Lithuania competed at the 2004 Summer Olympics in Athens, Greece, from 13 to 29 August 2004. This was the nation's sixth appearance at the Summer Olympics. The National Olympic Committee of Lithuania (Lietuvos tautinis olimpinis komitetas, LTOK) sent the nation's smallest delegation to the Games since the 1992 Summer Olympics in Barcelona. A total of 59 athletes, 47 men and 12 women, competed in 13 sports, including the men's basketball team as the nation's team-based sport.

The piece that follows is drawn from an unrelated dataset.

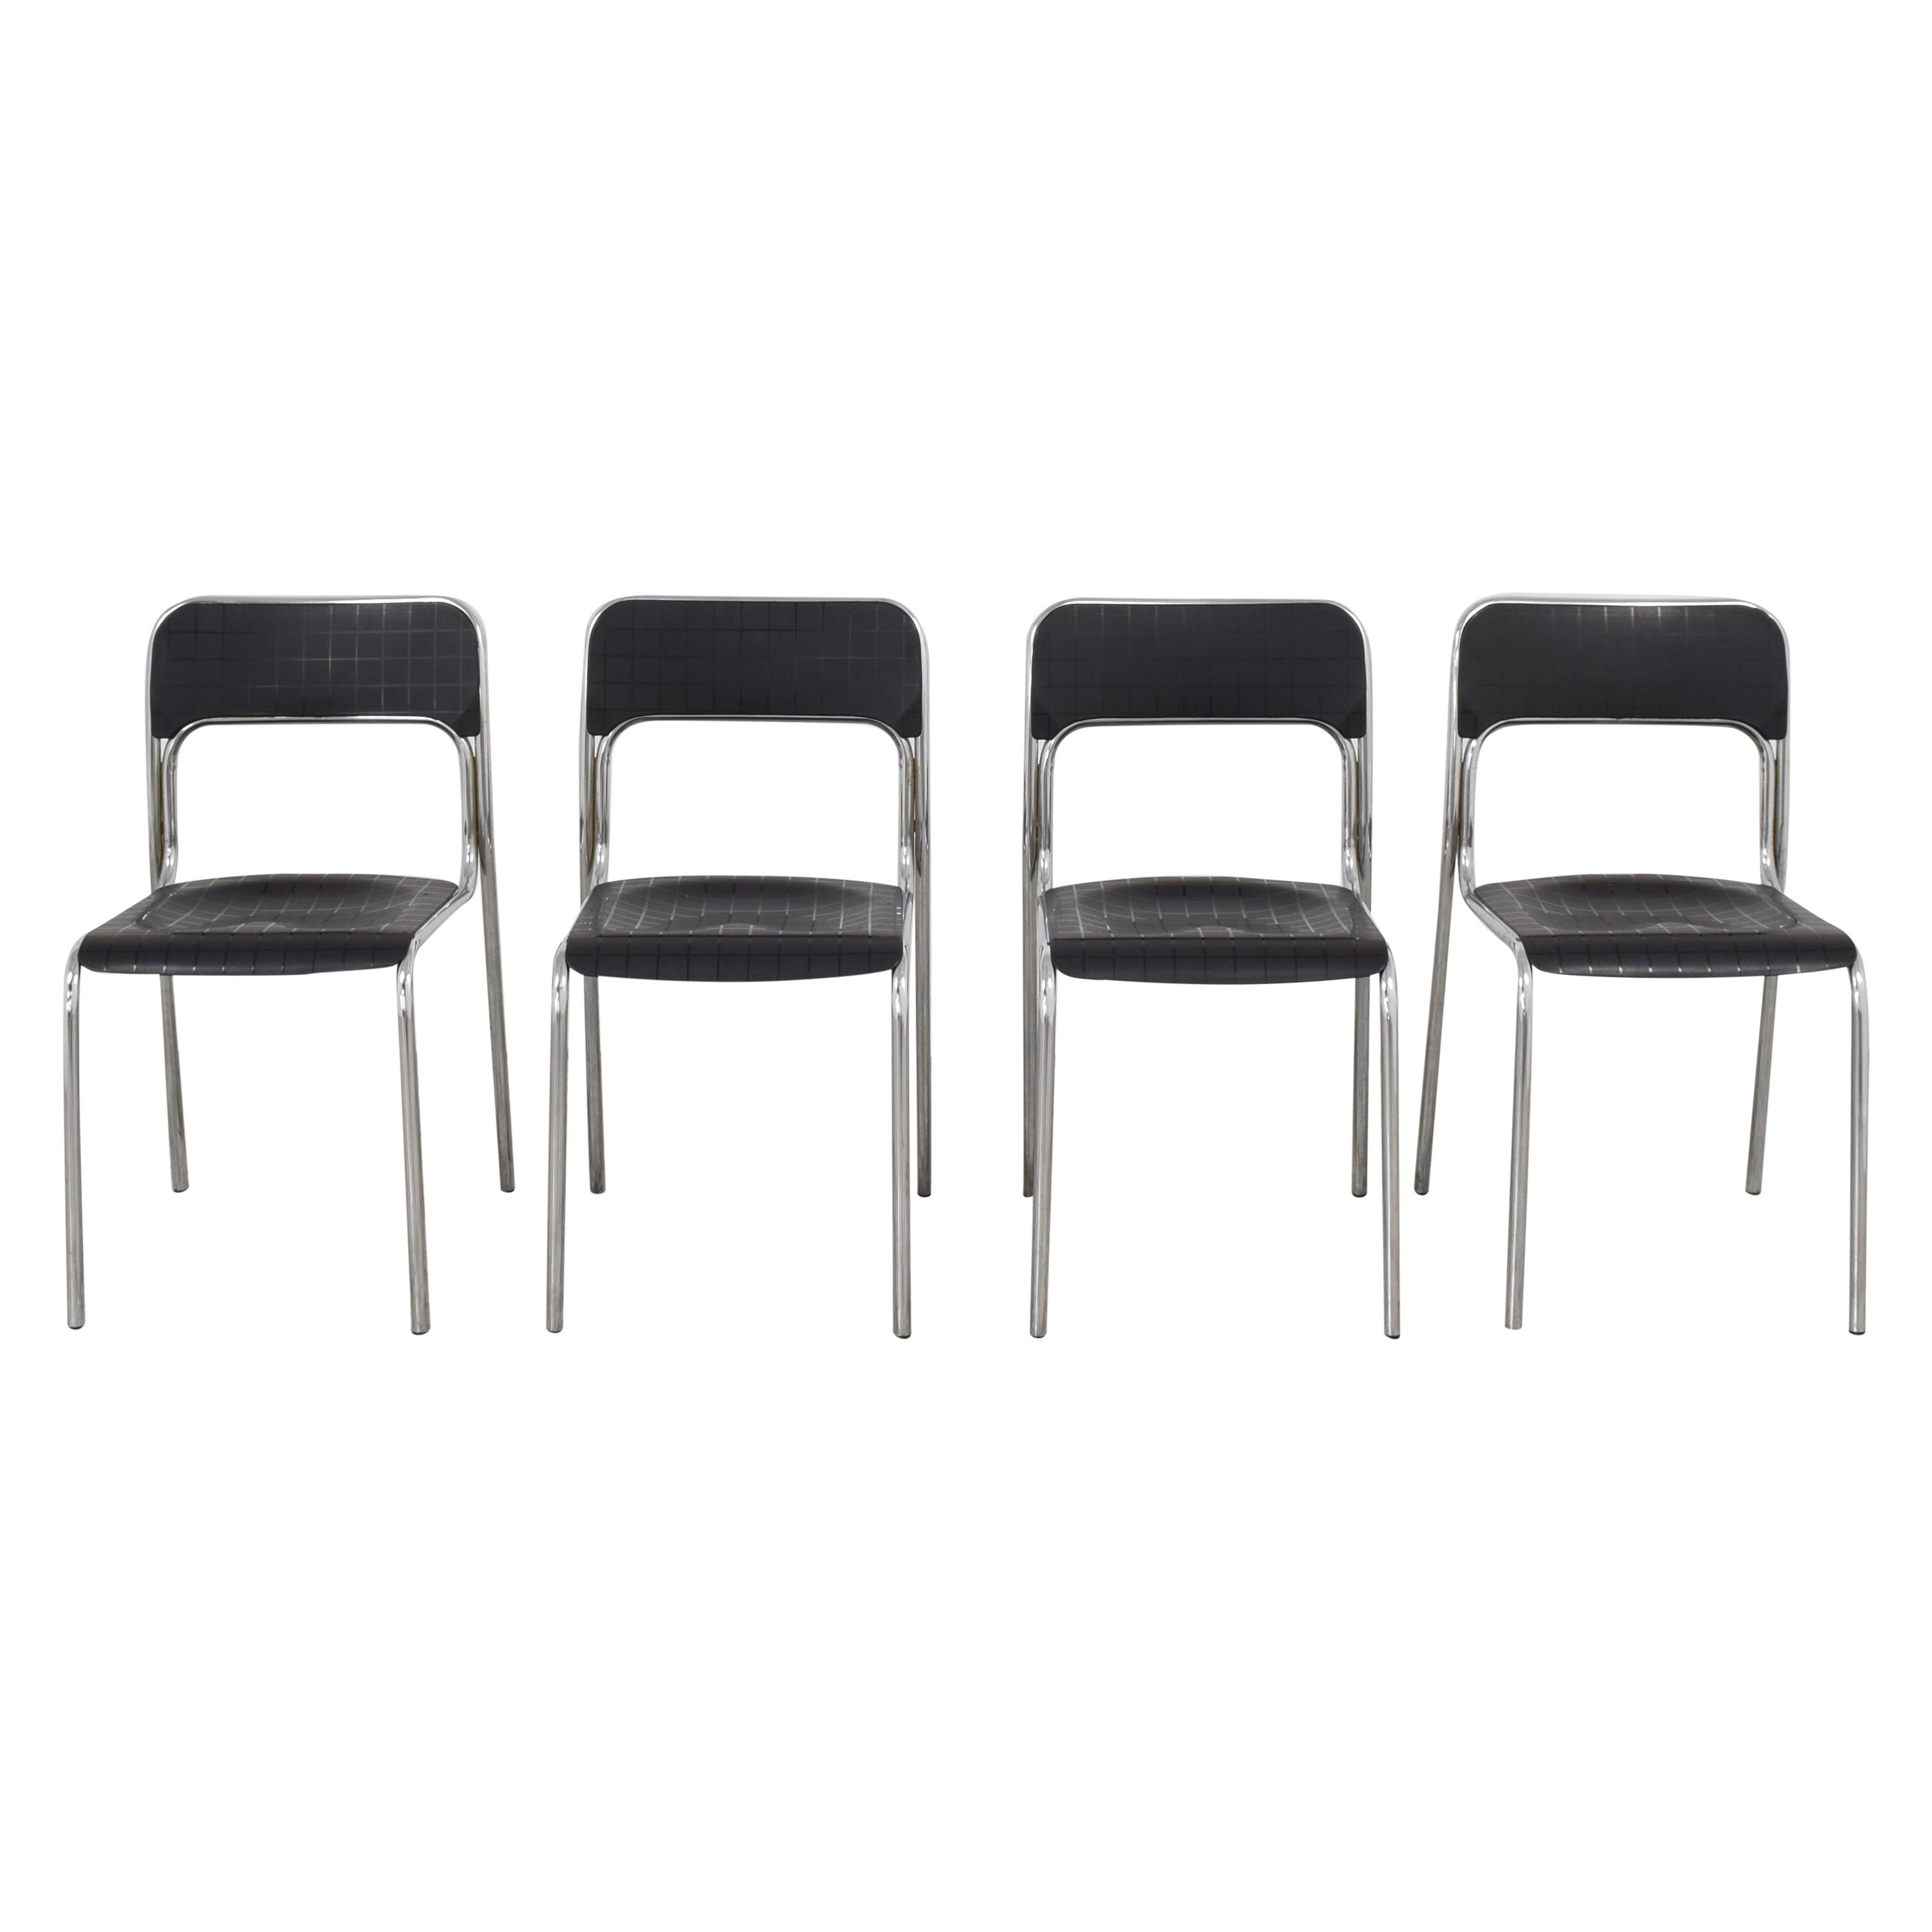 Sintesi Sintesi Italian Dining Chairs dimensions

The Lithuanian squad featured returning Olympic medalists: discus thrower Virgilijus Alekna, trap shooter Daina Gudzinevičiūtė, and the men's basketball team, being led by team captain Saulius Štombergas, who later became the nation's flag bearer in the opening ceremony. Along with Alekna, Stombergas, and Gudzineviciute, road cyclists and twin sisters Jolanta and Rasa Polikevičiūtė and javelin thrower Rita Ramanauskaitė made their third Olympic appearances as the most experienced members of the team. Other notable Lithuanian athletes included Stombergas' teammate and NBA basketball star Darius Songaila, track cyclist Simona Krupeckaitė, and two-time world champion Andrejus Zadneprovskis in men's modern pentathlon.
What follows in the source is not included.